Starting at the line that contains "Niue 2 dollars", reproduce only the lines through the end of the data, exactly, including both the first and the last; skip the pictures.

Provided data
* * * *

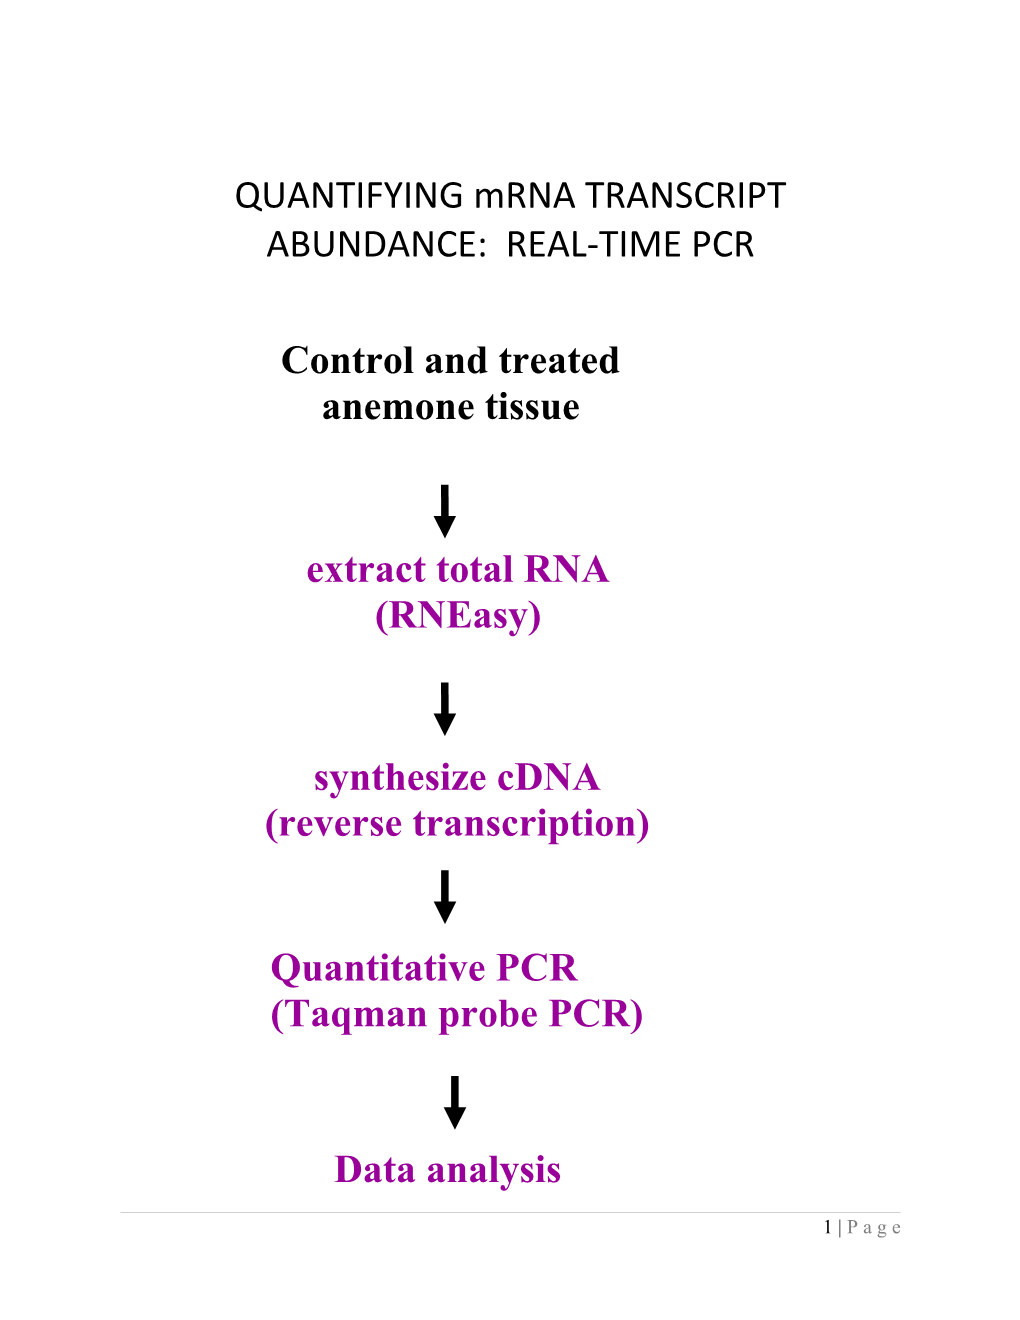 QUANTIFYING Mrna TRANSCRIPT ABUNDANCE: REAL-TIME PCR
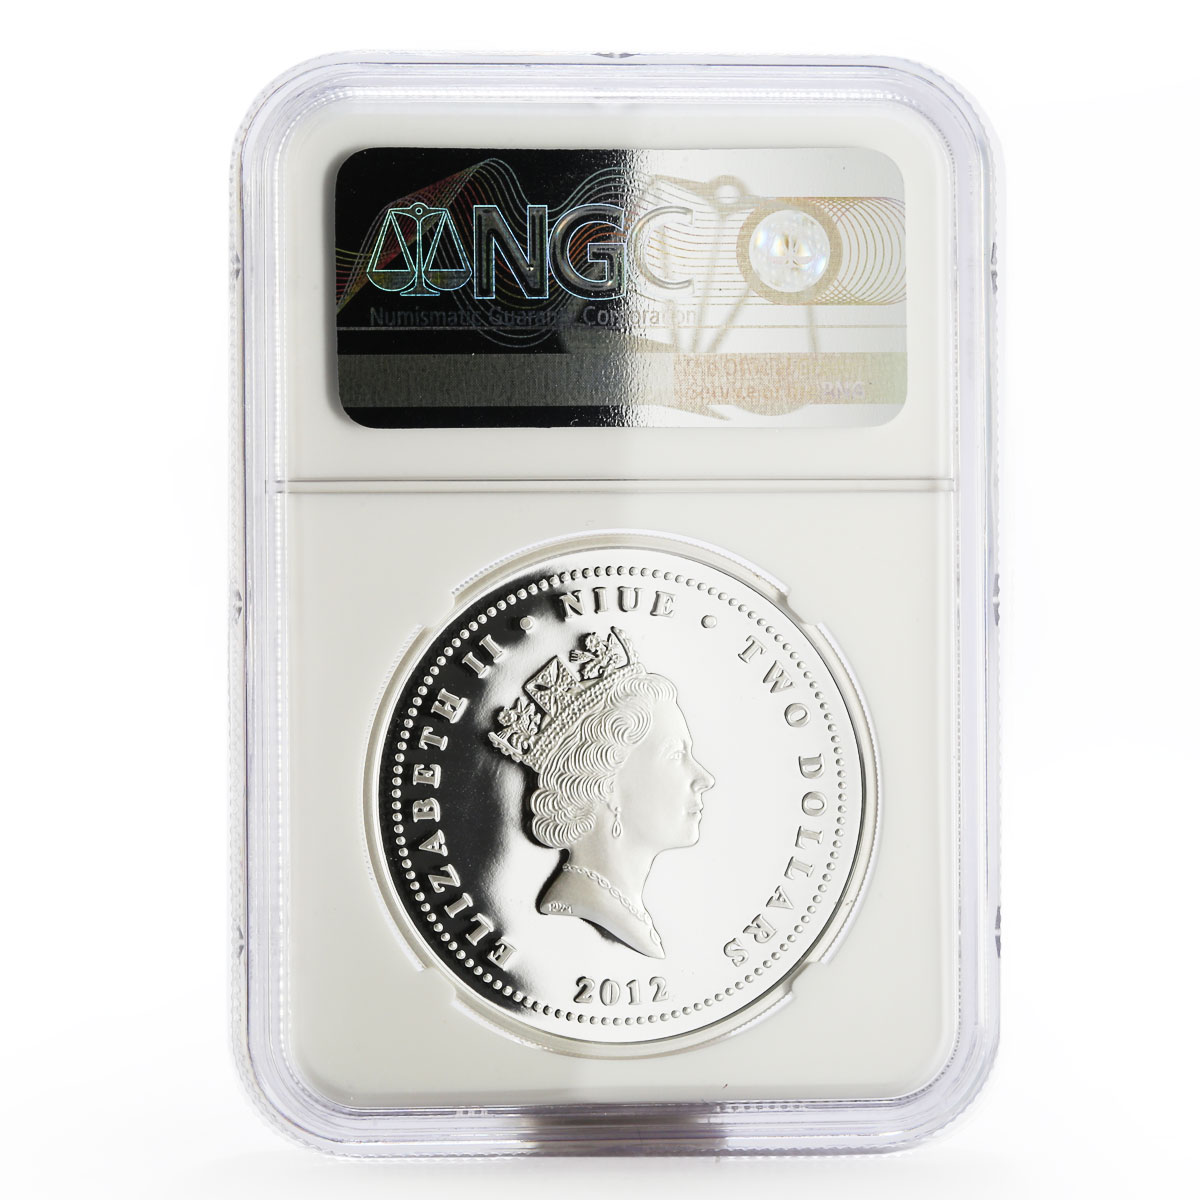 Niue 2 dollars Star Wars Anakin Skywalker PF-70 NGC colored silver coin 2012
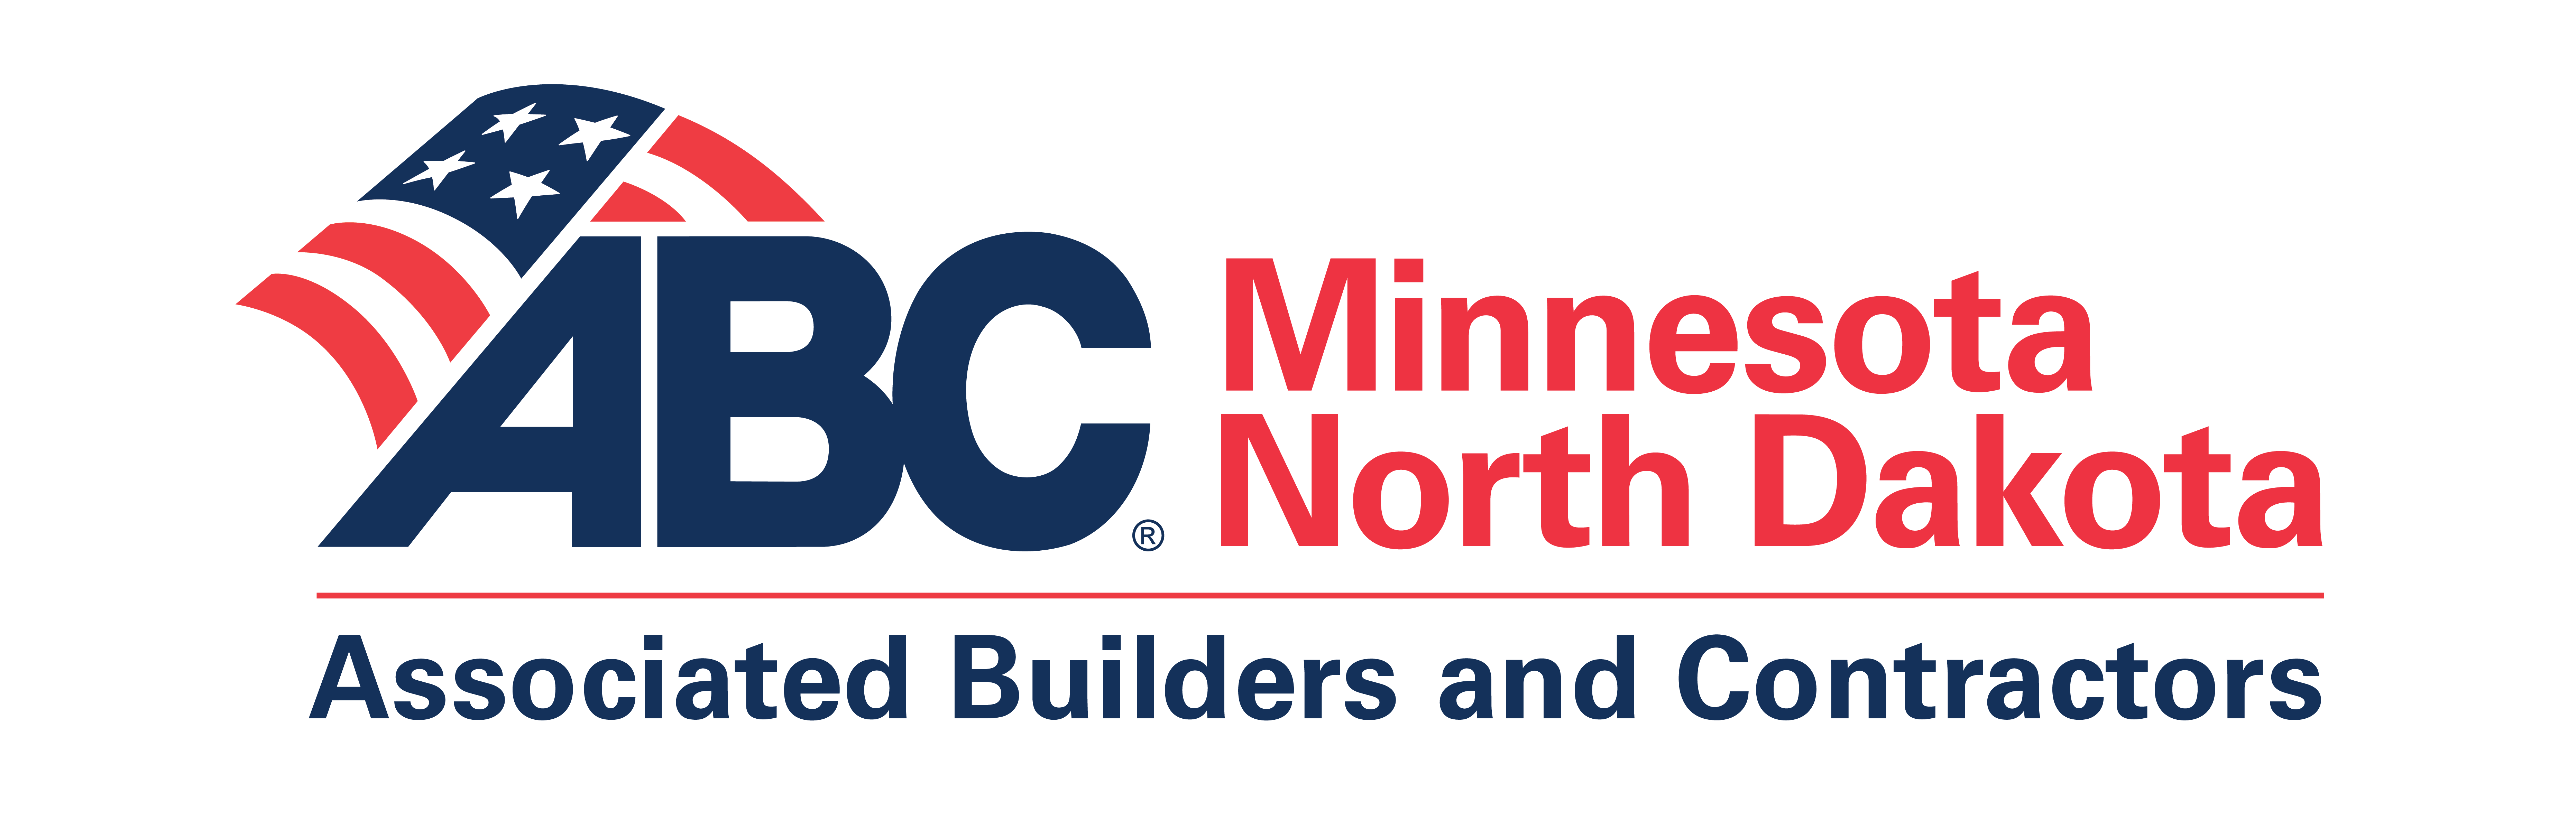 Associated Builders and Contractors - Minnesota North Dakota Chapter

* * * *

Written solution
 Niue 2 dollars Star Wars Anakin Skywalker PF-70 NGC colored silver coin 2012
 Associated Builders and Contractors - Minnesota North Dakota Chapter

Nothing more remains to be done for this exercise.